Why? Because there’s no capability in the system to do otherwise. There are no facilities in space to inspect, or repair a shuttle orbiter. There are no tow trucks to rescue it if it has a propulsion failure. There are no motels to spend the night if they can’t return on schedule. There are no general stores to purchase additional supplies of food–or air.

Every flight of a space shuttle (at least those that don’t go to ISS) is a flight deep into the wilderness of space, in the equivalent of a motor home on which everything has to go right, because there’s no other way home, and delay is ultimately death, and “ultimately” isn’t very far off.

I’ve written before about the fragility, and brittleness of our space transportation infrastructure. I was referring to the systems that get us into space, and the ground systems that support them.

But we have an even bigger problem, that was highlighted by the loss of the Columbia on Saturday. Our orbital infrastructure isn’t just fragile–it’s essentially nonexistent, with the exception of a single space station at a high inclination, which was utterly unreachable by the Columbia on that mission.

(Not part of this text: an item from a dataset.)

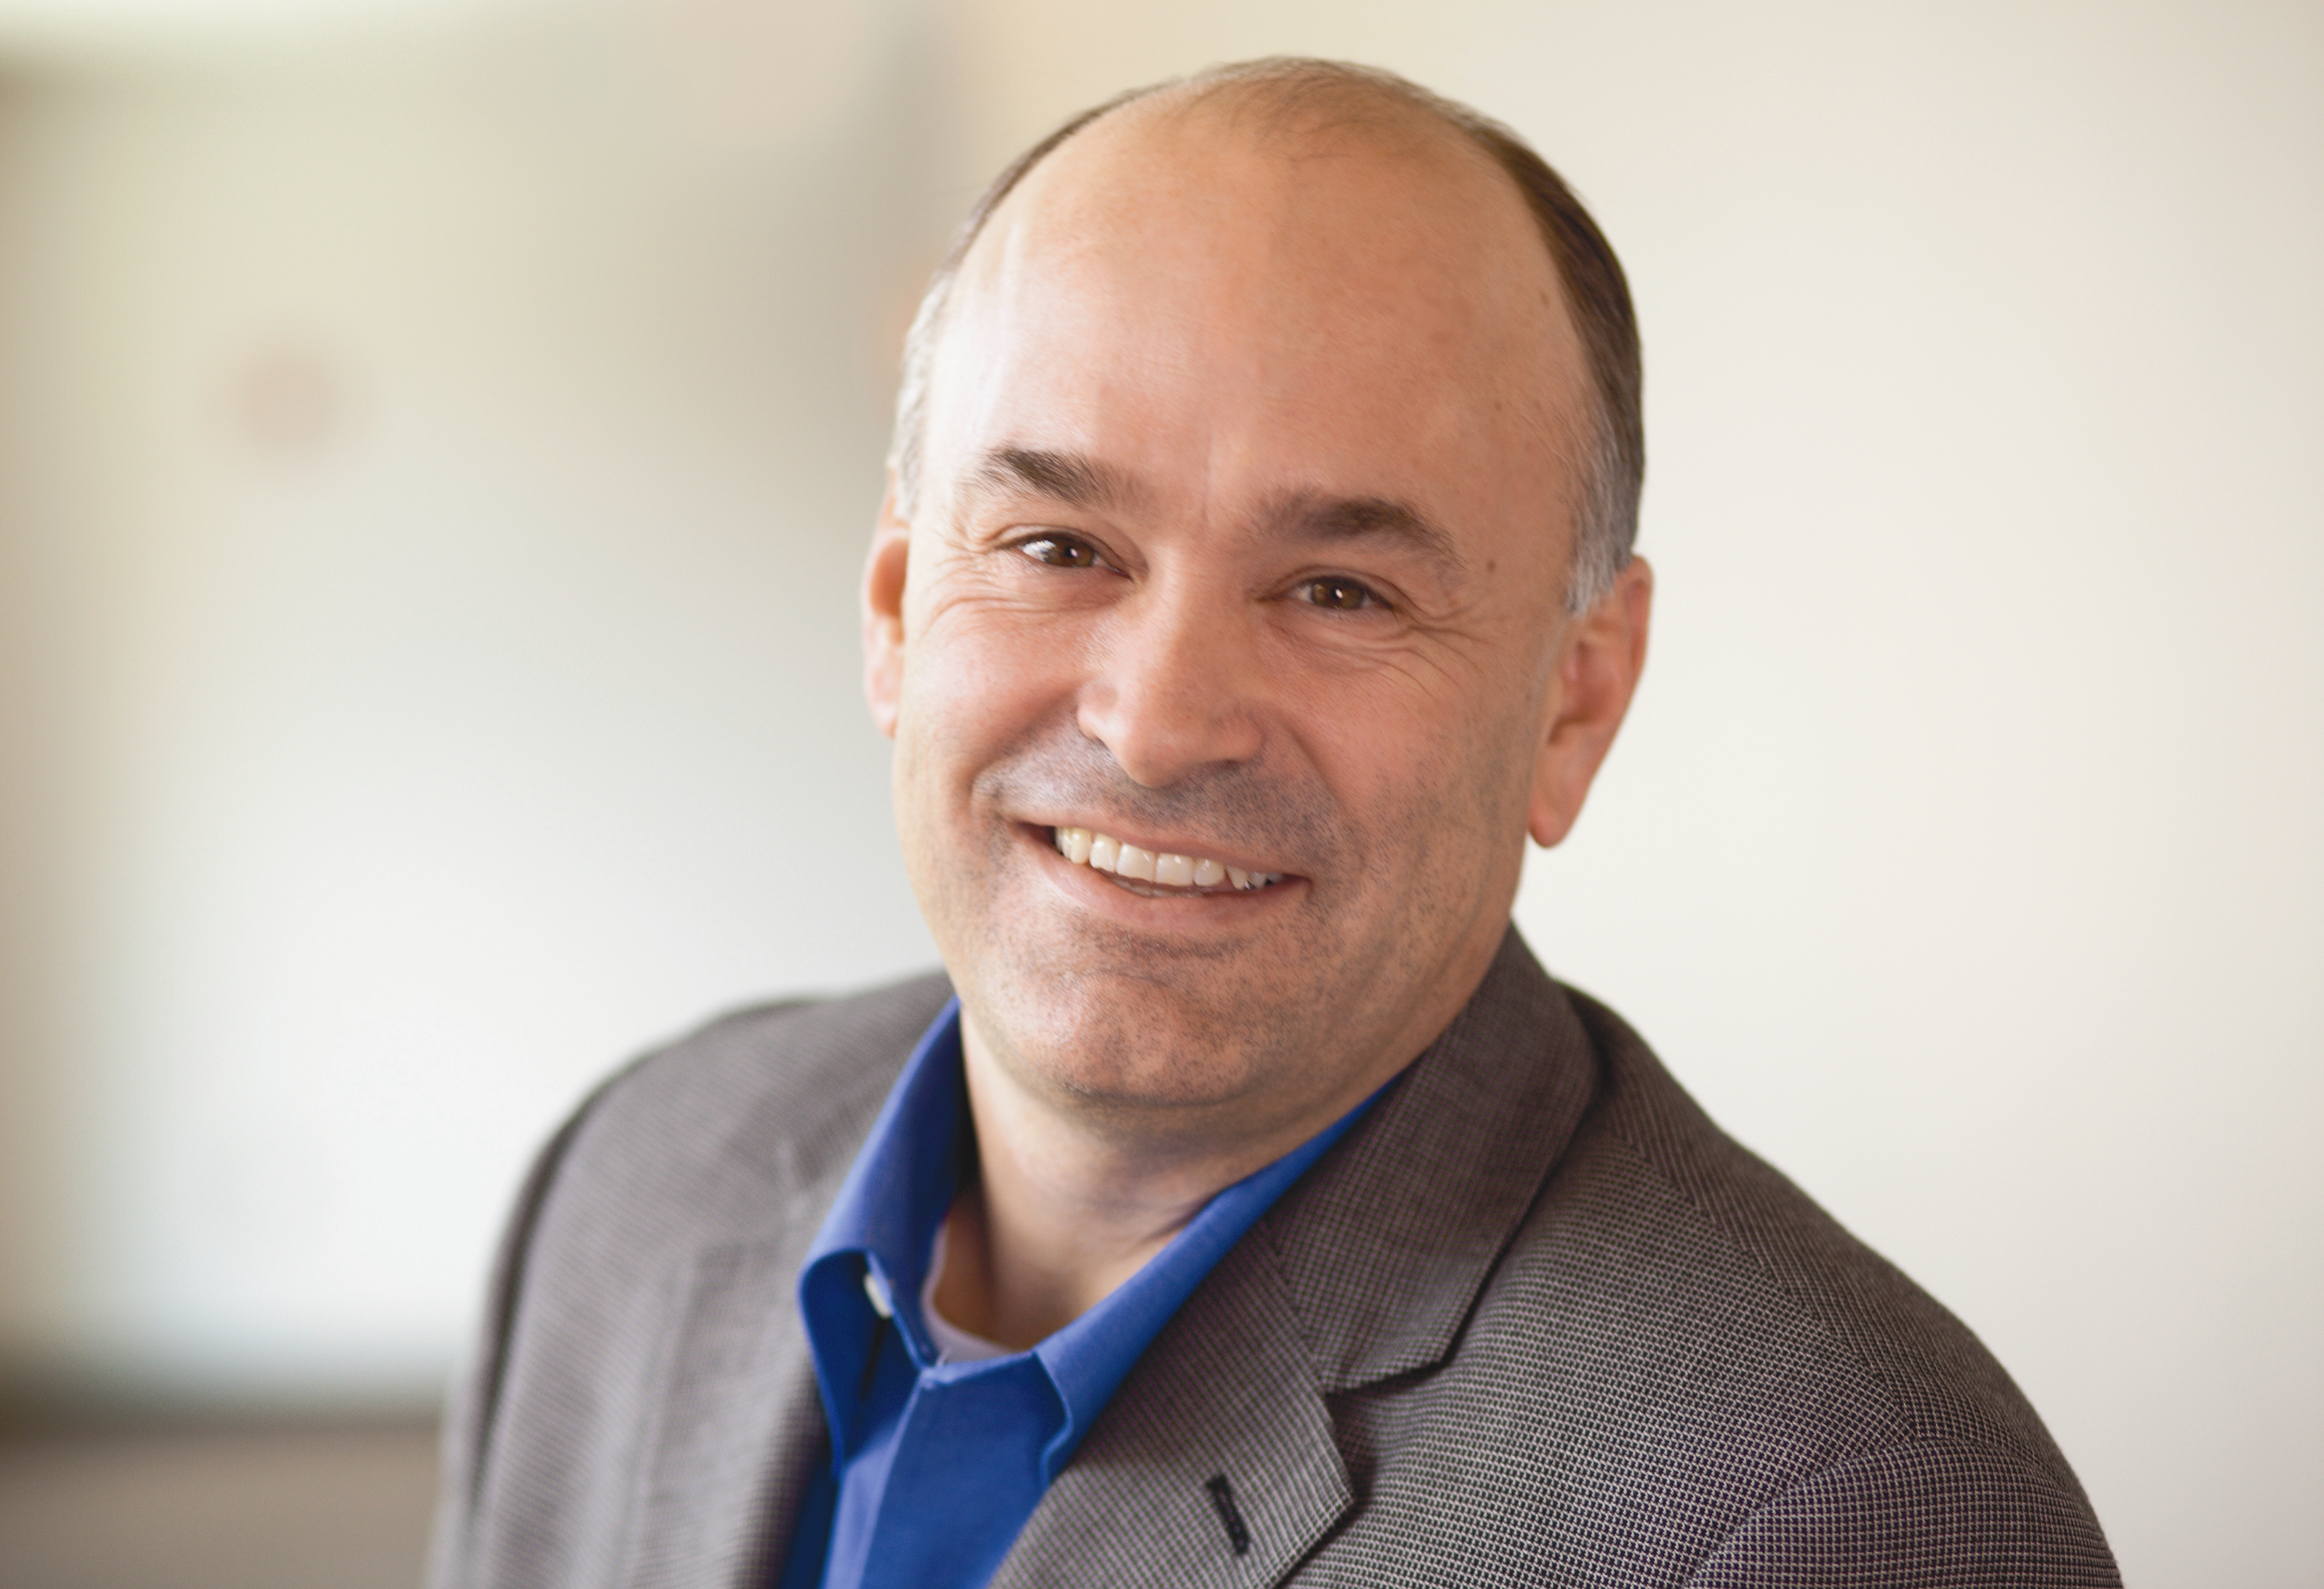 PTC President and CEO Jim Heppelmann.

Imagine the options that Mission Control and the crew would have had, if they’d known they had a problem, and there was an emergency rescue hut (or even a Motel 6 for space tourists) in their orbit, with supplies to buy time until a rescue mission could be deployed. Or if we had a responsive launch system that could have gotten cargo up to them quickly.

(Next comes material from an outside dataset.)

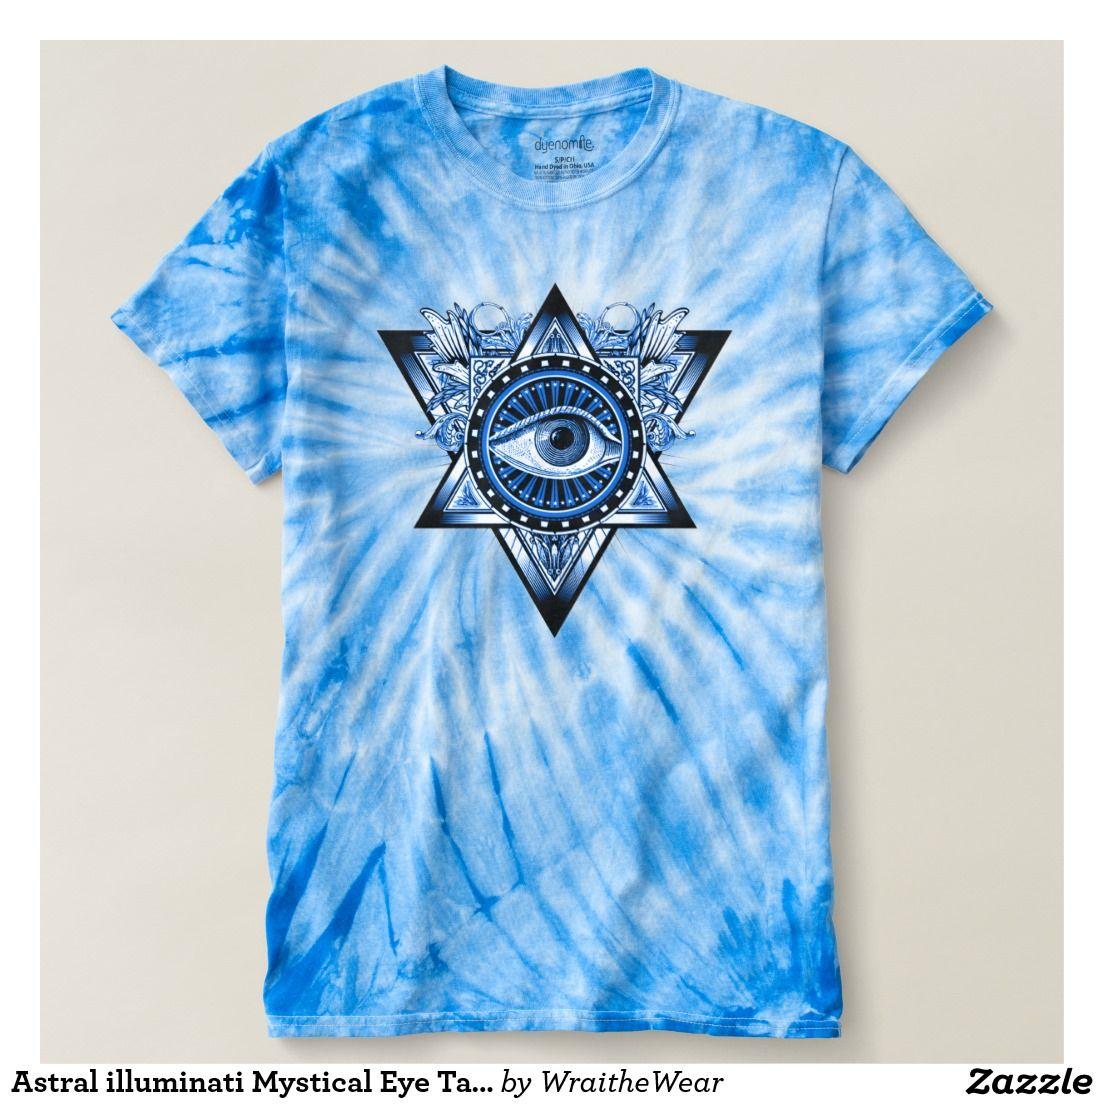 Astral illuminati Mystical Eye Talisman Symbol Tee | Wraithe Wear ...

As it was, even if they’d known that the ship couldn’t safely enter, there was nothing they could do. And in fact, the knowledge that there were no solutions may have subtly influenced their assessment that there wasn’t a problem.

The lesson we must take from the most recent Shuttle disaster is that we can no longer rely on a single vehicle for our access to the new frontier, and that we must start to build the needed orbital infrastructure in low earth orbit, and farther out, to the Moon, so that, in the words of the late Congressman George Brown, “greater metropolitan earth” is no longer a wilderness, in which a technical failure means death or destruction.

NASA’s problem hasn’t been too much vision, even for near-earth activities, but much too little. But it’s a job not just for NASA–to create that infrastructure, we will have to set new policies in place that harness private enterprise, just as we did with the railroads in the nineteenth century. That is the policy challenge that will come out of the latest setback–to begin to tame the harsh wilderness only two hundred miles above our heads.